It's the End of the World as We Know It, and I Feel Fine

I am surprised that there aren't more mentions of Ragnarok these days. Ragnarok, also known as the Twilight of the Gods, the End of All Things, and what's on the TV tonight. Maybe the similarity between current times and the Norse story of the end of the world is going to be the talking point for one of the political parties next week, after we are told yet again that the next Great Depression is almost here. While it is clear that times are a-changin', and that things aren't necessarily coming up roses at the moment, I find it hard to take all the gloom and doom from the current Masters of the Universe seriously. I've just heard it too much, too often, and from too many stuffed shirts whom I don't trust. (see Bush, George)

The right side of the political spectrum seems to be talking out of both sides of its mouth ad nauseum, like an uptight version of the Roman god Janus, if I may switch pantheons. And it's nothing new. Remember how after the attacks of 9/11, in between dire warnings of dirty bombs, anthrax, and Bin Laden, we were told to go shopping? Now we're being told about Washington Mutual crumbling, but not to worry, everything will work out if we can just get this bail out thing worked out.

Right.

I think I am doing Janus a dis-service by comparing those on the right to that venerable God of Doorways, beginnings, and endings. (and I'm not being soft on Janus just because I used him in my play Some Unfortunate Hour) No, let's lose the "J" and make a new god- Anus, American God of politics, known for talking out of both sides of his ass.

Okay, let's be fair.
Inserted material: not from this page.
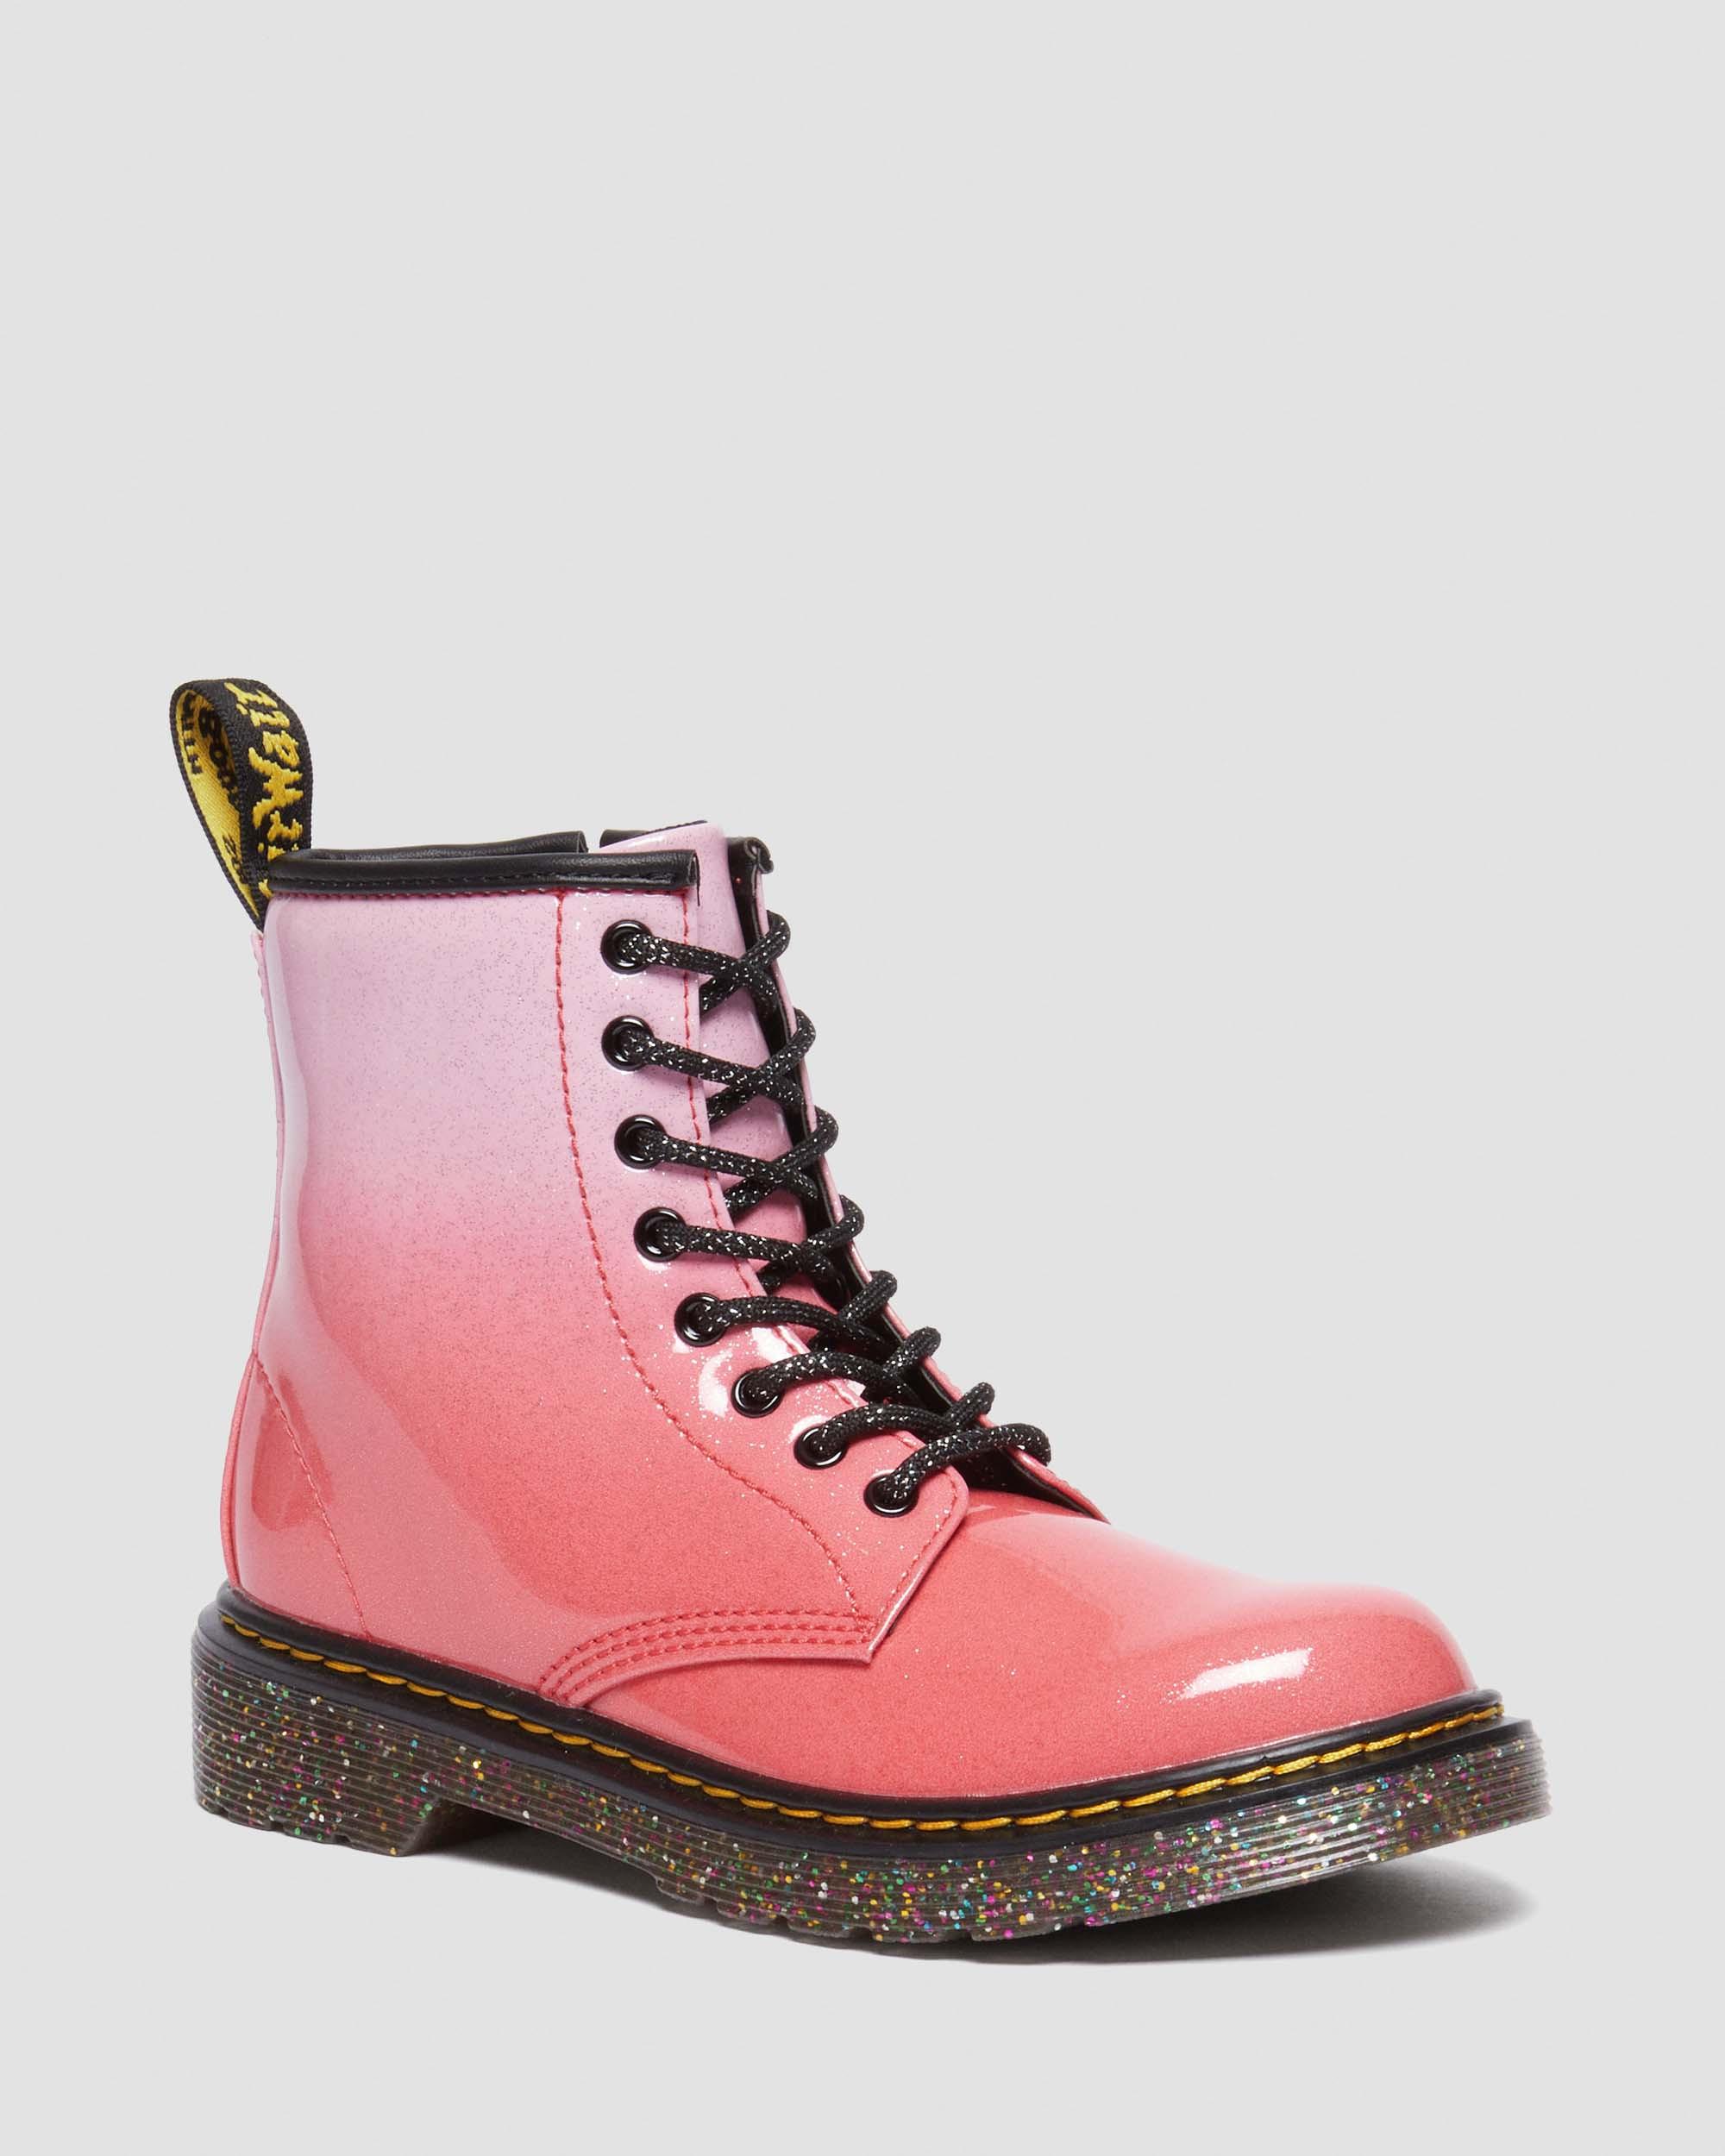 DR MARTENS Junior 1460 Gradient Glitter Leather Lace Up Boots

There are people on the left who do that as well. But it seems to me that the right has the lion's share of Anus-like folk. Just watch Fox News for a few minutes if you don't believe me.

All I'm saying, in a rambling, off kilter sort of way- is that I think the powers that be are full of crap, and I don't feel any comfort when I listen to them, with the exception of a few good folk, like Barney Frank and our next president, Barak Obama.

Okay. Rant over.

Just one more thing. My brilliant friend Jack Halpin texted me a great quote that I want to share with you all: Shooting wolves from a plane is to hunting what hiring a prostitute is to dating. Sadly true.

Now I am off to the races, to teach theatre to children, try to figure out how to sell my screenplay Elsewhere (an adaptation of my first play, Last Call), and then it's home to watch the debates, which for the moment are on again. But that's just what Anus is saying, so we'll see if it's comes to pass.

If you have any further insights to the American God Anus, please share them in the comment section of this blog.

God Bless America.

Comments

heathermac said…
I really like Jack's comment about the aerial $500 an hour "hunting." on that topic, I'm hopeful that Sarah P's penchant for murdering the greatest attractions of Alaska will bring in attention from "the outside," as they call us, and help us preserve the wolves and bears before it's too late. Alaska's not a wilderness any longer. For God's sake, you and I ate breakfast at the world's northernmost Denny's, and sipped coffee from the world's northernmost Starbuck's only miles from the Arctic Circle! Alaska and her people are not in a life or death fight for survival against these wild animals, as a matter of fact, they earn their keep in toursim dollars. It's blood lust, and it's frankly disgusting.
What a bunch of Dodos...
kevcorn@mac.com said…
The god Anus will have me laughing for quite some time.